Arboreal began with an exploration of L-systems or the Lindenmayer system, a formal grammar most famously used to model the growth processes of plant development, introduced and developed in 1968 by the Hungarian theoretical biologist and botanist Aristid Lindenmayer. L-System rules are recursive in nature which in turn leads to self-similarity and thereby fractal like forms that mimic branching patterns in the natural world. However, it is not modeled on any algorithms or programs. Via a deeply intuitive process, the artist constructs a successive set of trees through the gradual manual layering of more than 700 individual layers of video, within a video editing software. The result is an amazing array of spatio-temporal patterns, mimicking those exhibited by physical, chemical, and biological systems, i.e. plant structures, cells, tree forms, bacteria, snowflakes. They are not imposed from the outside in any way and are entirely self-generated within the loop. This footage is then sliced and edited by layering and manually stacking within a video editing software to create the work.

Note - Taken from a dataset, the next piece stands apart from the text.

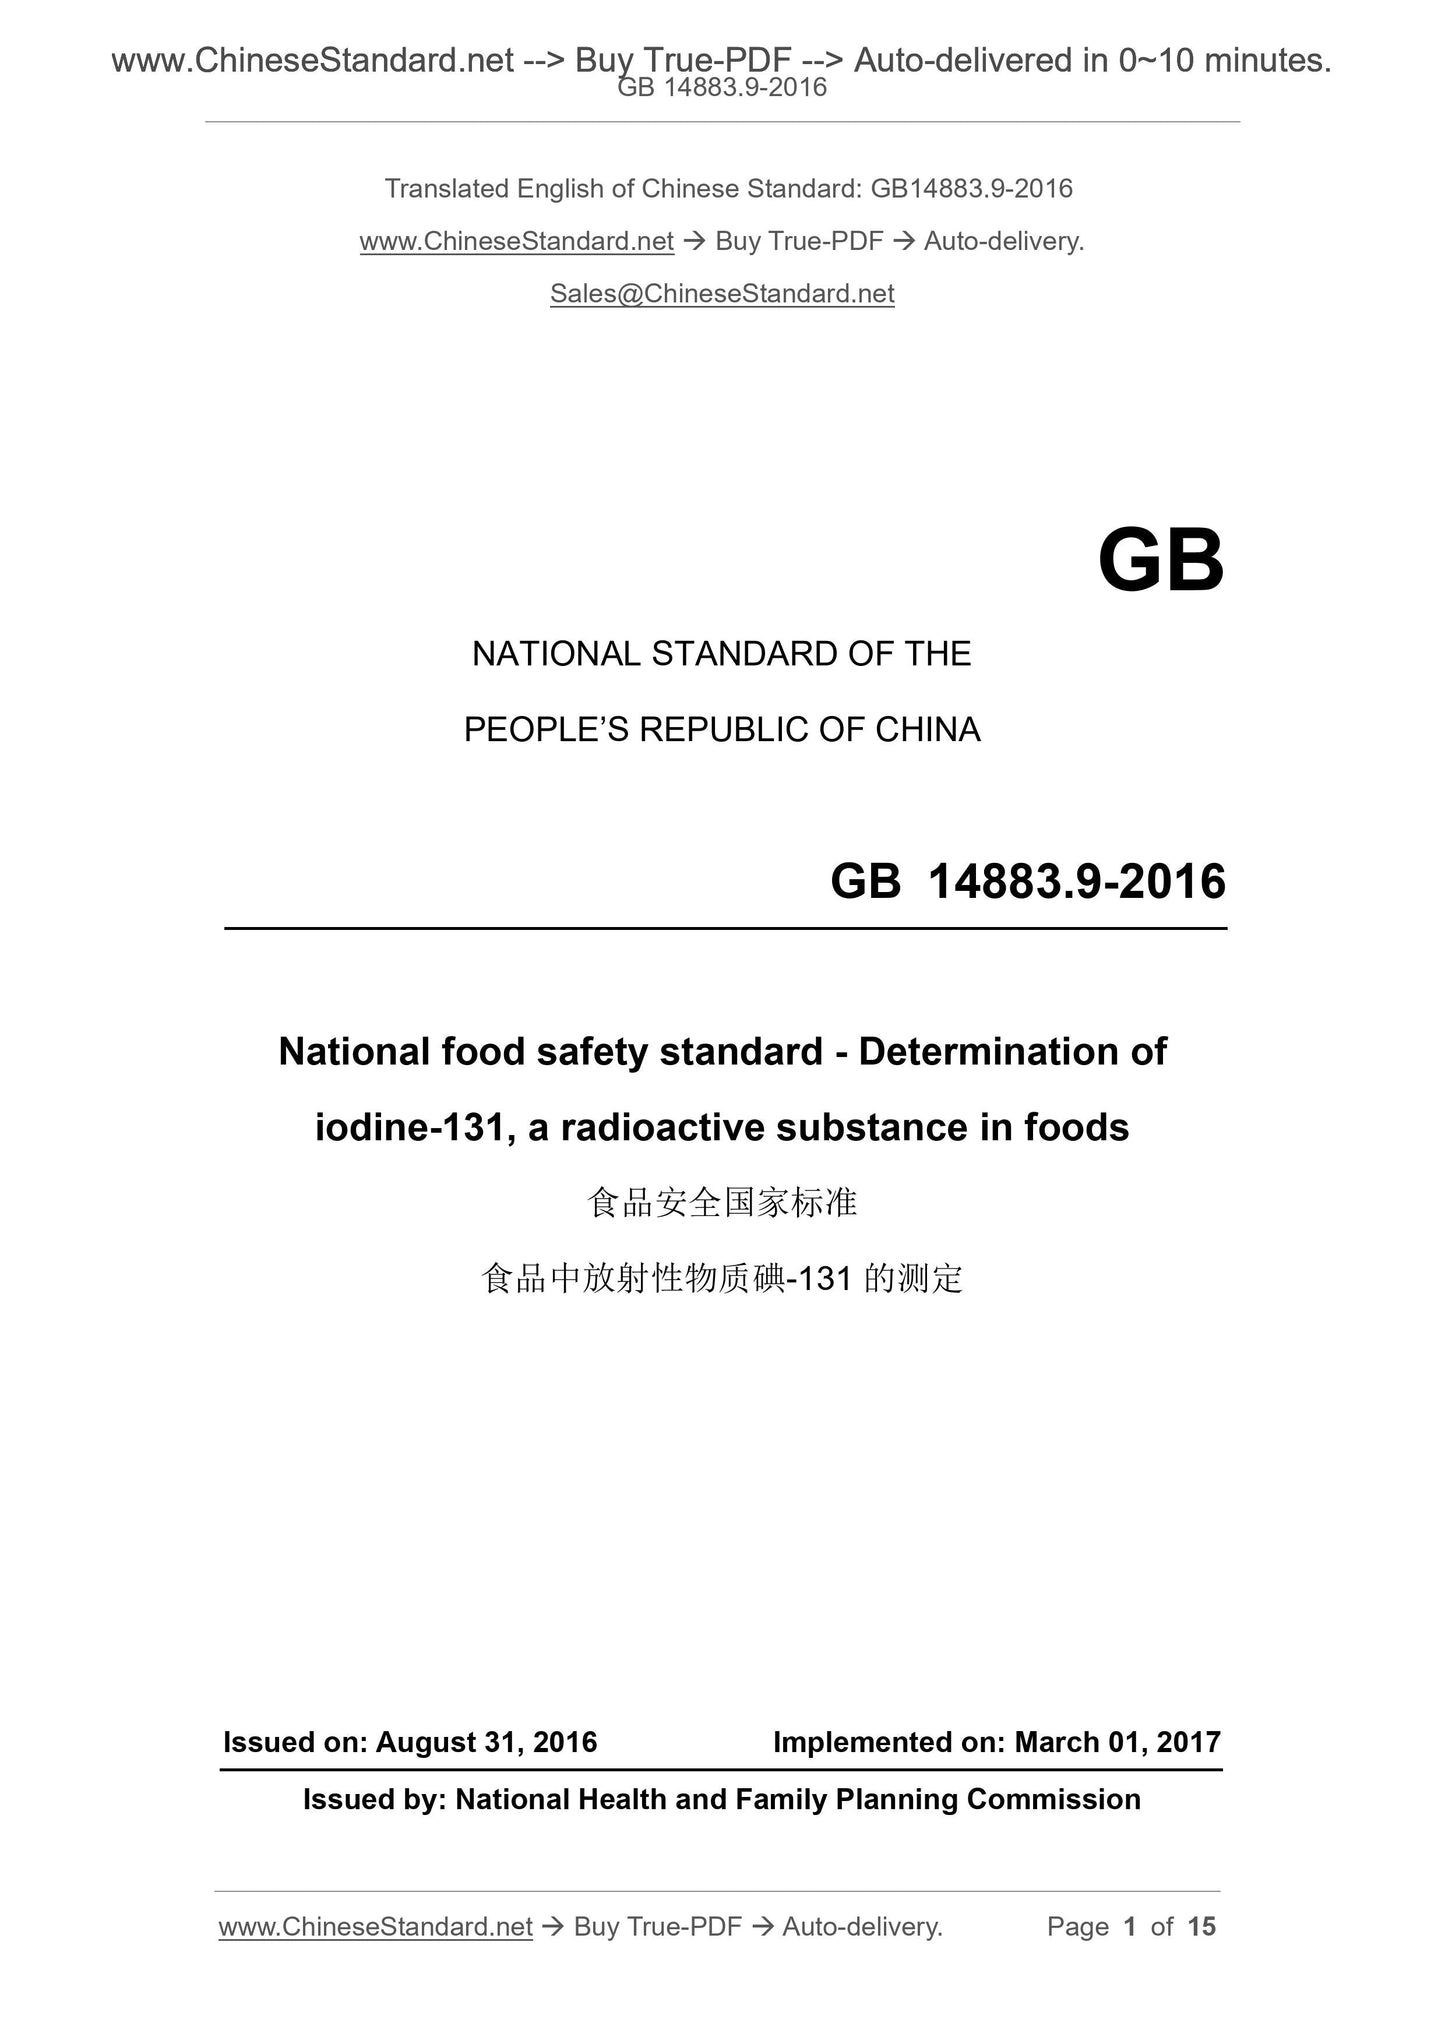 GB 14883.9-2016 Page 1

All images are courtesy of Project 88.
Medium: Video and Prints
Year: 2011
About the Artist
Rohini Devasher is a painter and printmaker who works with a variety of media including sound, video, prints and large site-specific drawings. Her work has been shown at the Singapore Art and Science Museum, Kochi Muziris Biennale, Spencer Museum of Art, Usa, and Whitechapel Gallery, London, among others. She has had solo exhibitions at the Bhau Daji Lad City Museum in Mumbai (2016), Vis-a-Vis Experience Centre in New Delhi (2016), Project 88, Mumbai (2013, 2009).